+++ TASK DATA +++
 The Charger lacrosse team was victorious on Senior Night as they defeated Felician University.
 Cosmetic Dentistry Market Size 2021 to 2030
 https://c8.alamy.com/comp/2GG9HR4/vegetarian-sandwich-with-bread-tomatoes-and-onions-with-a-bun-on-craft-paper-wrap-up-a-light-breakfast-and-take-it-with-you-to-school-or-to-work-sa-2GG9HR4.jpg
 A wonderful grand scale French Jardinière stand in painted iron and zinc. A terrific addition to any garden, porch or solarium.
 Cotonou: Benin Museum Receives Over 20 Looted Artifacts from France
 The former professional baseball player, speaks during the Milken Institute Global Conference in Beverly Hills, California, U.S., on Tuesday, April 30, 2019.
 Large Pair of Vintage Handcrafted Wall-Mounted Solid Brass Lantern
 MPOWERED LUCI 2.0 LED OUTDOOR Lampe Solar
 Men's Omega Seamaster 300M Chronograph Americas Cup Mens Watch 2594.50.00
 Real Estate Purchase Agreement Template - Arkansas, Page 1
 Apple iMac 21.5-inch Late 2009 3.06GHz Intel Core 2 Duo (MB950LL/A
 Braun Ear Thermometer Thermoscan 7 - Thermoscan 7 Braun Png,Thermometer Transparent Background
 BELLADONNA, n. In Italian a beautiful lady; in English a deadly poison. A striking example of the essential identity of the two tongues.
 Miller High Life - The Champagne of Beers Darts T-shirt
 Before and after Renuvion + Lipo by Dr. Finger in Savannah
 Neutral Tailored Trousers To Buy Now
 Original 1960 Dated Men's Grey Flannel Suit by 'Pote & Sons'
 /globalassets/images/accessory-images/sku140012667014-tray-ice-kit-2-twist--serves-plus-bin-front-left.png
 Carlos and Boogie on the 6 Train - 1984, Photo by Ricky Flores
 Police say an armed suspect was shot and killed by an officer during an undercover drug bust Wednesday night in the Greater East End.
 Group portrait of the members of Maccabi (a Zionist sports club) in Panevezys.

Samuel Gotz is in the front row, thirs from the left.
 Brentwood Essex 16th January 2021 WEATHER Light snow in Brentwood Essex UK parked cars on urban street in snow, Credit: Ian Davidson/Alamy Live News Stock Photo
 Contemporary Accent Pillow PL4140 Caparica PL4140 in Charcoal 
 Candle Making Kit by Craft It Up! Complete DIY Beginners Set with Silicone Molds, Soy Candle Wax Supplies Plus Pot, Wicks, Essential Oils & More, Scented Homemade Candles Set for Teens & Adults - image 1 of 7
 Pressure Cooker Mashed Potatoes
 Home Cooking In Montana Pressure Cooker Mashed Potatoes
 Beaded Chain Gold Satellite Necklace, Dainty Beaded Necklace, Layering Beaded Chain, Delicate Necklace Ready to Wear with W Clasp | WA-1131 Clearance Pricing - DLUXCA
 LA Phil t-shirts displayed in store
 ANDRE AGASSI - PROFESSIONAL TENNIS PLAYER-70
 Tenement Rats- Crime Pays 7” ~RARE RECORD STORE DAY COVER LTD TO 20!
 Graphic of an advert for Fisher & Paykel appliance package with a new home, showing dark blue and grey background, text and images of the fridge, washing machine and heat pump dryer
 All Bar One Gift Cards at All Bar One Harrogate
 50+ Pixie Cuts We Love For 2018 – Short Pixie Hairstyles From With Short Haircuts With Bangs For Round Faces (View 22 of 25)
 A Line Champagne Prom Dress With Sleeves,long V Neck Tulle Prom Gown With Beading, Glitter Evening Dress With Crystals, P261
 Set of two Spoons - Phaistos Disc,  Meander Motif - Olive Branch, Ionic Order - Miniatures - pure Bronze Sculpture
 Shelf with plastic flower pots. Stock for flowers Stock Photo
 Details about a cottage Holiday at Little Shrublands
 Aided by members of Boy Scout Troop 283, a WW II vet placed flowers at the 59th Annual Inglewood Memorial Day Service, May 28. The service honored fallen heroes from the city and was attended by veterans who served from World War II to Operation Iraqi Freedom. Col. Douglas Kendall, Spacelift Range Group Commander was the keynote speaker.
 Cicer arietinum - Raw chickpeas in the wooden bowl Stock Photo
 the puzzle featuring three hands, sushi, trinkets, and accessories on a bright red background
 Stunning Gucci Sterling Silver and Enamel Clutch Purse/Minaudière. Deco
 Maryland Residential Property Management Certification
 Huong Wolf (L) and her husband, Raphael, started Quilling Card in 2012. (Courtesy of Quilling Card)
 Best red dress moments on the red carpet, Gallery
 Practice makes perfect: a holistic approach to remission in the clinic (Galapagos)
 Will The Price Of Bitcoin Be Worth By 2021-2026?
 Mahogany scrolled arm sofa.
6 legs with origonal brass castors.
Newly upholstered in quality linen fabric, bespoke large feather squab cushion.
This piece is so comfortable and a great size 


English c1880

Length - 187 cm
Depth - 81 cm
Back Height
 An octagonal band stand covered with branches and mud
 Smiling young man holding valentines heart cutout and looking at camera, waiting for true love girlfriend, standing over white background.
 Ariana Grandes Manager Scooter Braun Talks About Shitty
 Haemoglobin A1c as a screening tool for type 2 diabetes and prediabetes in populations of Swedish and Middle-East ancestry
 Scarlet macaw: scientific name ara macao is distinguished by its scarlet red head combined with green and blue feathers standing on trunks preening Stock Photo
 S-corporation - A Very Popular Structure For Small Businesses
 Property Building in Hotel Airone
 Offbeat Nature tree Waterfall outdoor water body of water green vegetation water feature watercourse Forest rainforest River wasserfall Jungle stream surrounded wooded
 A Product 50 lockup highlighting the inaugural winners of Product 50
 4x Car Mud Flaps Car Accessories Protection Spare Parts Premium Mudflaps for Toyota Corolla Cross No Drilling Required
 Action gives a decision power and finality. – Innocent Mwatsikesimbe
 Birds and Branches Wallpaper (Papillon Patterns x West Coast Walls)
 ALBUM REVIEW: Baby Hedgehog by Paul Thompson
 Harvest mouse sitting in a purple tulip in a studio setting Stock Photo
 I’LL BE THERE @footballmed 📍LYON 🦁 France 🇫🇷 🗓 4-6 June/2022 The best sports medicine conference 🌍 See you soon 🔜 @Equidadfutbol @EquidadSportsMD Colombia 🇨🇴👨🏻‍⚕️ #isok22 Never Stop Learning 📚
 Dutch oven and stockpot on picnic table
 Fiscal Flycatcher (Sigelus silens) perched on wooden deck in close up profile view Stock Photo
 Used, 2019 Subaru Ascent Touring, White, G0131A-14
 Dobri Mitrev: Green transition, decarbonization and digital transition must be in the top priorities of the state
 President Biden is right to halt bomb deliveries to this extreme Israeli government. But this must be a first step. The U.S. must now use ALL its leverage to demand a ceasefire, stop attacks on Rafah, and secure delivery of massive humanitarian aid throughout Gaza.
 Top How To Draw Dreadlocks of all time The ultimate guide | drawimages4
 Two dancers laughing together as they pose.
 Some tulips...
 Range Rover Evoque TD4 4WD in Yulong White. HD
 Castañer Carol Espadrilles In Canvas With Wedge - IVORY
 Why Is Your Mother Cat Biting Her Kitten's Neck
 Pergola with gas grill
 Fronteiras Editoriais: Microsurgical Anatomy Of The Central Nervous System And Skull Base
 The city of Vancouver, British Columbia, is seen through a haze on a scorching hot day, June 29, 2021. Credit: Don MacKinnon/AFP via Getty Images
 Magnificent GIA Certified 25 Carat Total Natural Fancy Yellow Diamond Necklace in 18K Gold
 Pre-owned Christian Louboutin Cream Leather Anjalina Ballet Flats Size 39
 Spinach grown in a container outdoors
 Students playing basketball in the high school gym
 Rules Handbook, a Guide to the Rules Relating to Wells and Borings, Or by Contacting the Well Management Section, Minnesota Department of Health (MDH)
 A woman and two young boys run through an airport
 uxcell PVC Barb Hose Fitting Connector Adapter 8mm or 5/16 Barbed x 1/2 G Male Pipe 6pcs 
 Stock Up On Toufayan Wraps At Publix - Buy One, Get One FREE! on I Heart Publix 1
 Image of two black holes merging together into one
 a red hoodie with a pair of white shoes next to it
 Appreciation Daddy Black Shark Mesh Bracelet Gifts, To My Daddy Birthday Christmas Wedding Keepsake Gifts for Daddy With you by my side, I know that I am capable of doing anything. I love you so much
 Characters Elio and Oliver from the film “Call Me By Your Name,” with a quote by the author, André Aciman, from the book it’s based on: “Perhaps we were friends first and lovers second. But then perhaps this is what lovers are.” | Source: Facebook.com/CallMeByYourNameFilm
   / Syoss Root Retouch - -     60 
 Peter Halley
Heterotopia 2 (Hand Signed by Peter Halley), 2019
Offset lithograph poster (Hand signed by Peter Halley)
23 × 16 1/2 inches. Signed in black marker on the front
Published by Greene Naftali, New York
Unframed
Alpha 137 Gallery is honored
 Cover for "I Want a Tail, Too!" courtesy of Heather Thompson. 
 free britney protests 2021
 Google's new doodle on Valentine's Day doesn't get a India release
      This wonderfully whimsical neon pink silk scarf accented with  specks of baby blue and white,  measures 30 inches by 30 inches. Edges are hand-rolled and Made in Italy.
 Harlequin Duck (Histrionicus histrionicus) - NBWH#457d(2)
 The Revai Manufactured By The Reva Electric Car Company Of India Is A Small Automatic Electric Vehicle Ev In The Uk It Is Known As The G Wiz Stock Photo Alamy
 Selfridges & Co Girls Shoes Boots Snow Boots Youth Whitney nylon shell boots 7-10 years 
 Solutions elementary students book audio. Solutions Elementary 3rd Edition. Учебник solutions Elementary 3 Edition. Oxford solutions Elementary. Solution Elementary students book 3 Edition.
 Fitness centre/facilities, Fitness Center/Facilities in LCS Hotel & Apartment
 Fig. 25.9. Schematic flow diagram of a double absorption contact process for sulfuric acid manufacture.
+++
TASK REQUIREMENTS —
In the listing, find every line with the word "June" and return it.

SOLVED EXERCISE —
 I’LL BE THERE @footballmed 📍LYON 🦁 France 🇫🇷 🗓 4-6 June/2022 The best sports medicine conference 🌍 See you soon 🔜 @Equidadfutbol @EquidadSportsMD Colombia 🇨🇴👨🏻‍⚕️ #isok22 Never Stop Learning 📚
 The city of Vancouver, British Columbia, is seen through a haze on a scorching hot day, June 29, 2021. Credit: Don MacKinnon/AFP via Getty Images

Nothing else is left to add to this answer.